The environment affects us all, every day, and always will. We live in it. And that makes David Cameron's pledge to make his government the "greenest ever" a crucial one. But, one year on, how is the coalition doing? The short answer is not well – yet.
Hitting the Department for Environment, Food and Rural Affairs with the biggest cut in Whitehall has hamstrung the guardians of our air, water and wildlife, as well as devastating plans for flood protection and prompting a zero-cost, zero-sense badger culling proposal. The Department of Energy and Climate Change did relatively well in budget terms, but has scared green investors by getting some small but crucial decisions badly wrong: a U-turn on subsidies for solar panels and converting a carbon-cutting incentive into a stealth tax.
The last government passed the Climate Change Act, compelling us to tackle the daunting threat of global warming over the next four decades. To be the greenest government ever, the coalition must turn that long-term goal into short-term action.
That means overturning long-standing orthodoxies. Our land, lakes and the life on them must be seen as a provider of precious commodities that underpin our wellbeing: clean air and water, fertile and carbon-storing soils – not an inexhaustible supply of short-term profit. The government's forthcoming ideas for new laws to cherish the natural environment as fundamental to our health and wealth, laid out in the in the natural environment white paper, are vitally important.
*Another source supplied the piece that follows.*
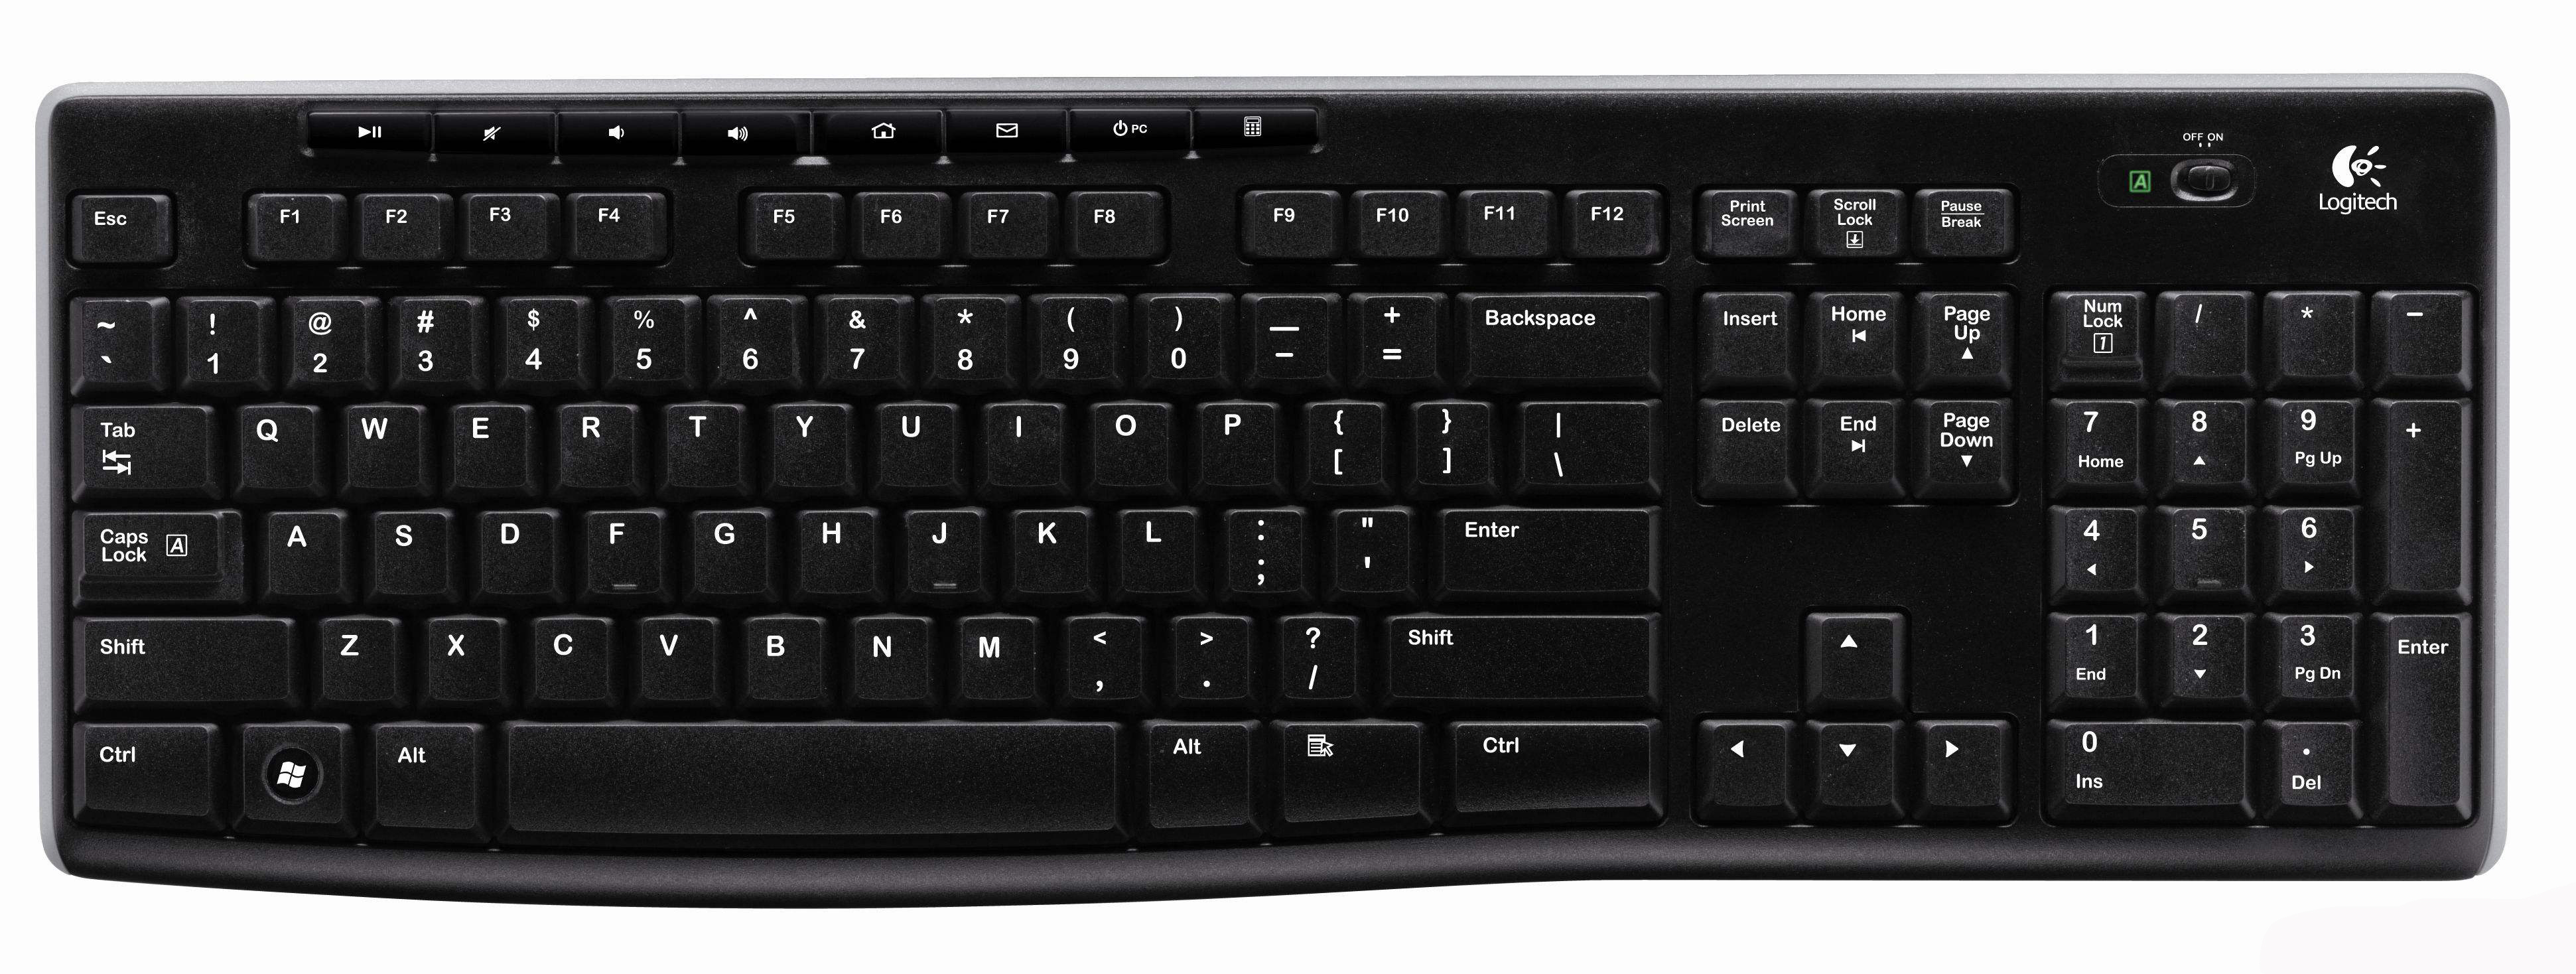 键盘上的保存键是哪一个

Another orthodoxy yet to be overturned at the heart of this government is that being green is an expensive luxury, not an inescapable necessity on a crowded planet with finite resources. The green departments get this, but the trolls of the Treasury do not, despite George Osborne's pre-election warm words: "If I become chancellor, the Treasury will become a green ally, not a foe." Did he use his budget to start getting the UK off the oil hook? No, he cut fuel duty by a penny, shaking an impotent fist at rising global prices.
In tough times, jobs are vital and skilled green jobs could be plentiful. But the Treasury ensured the promised green investment bank that could kickstart green industry can't borrow for years, and killed green Isas dead. A truly transformational idea – an energy-saving refurbishment for almost every building in Britain – may also be rejected by the accountants. Another critical policy, reforming our ultra-liberalised energy market to properly reward future clean energy, must avoid being captured by the giant utilities that dominate today.
So, is this the greenest government ever? Absolutely not, and the blinding hatred of regulation that led it to dump the Climate Change Act and more into its "cut red tape" challenge will not help it become so.
But maybe, just maybe, the coalition will deliver lasting protection of the natural world and re-engineer how the UK generates and uses its energy.
If it does, then for the first time, the heart of government will have truly changed. A government that cherishes our green and pleasant land and grasps the rare opportunity Britain has to be a green leader in the world would indeed be the greenest ever.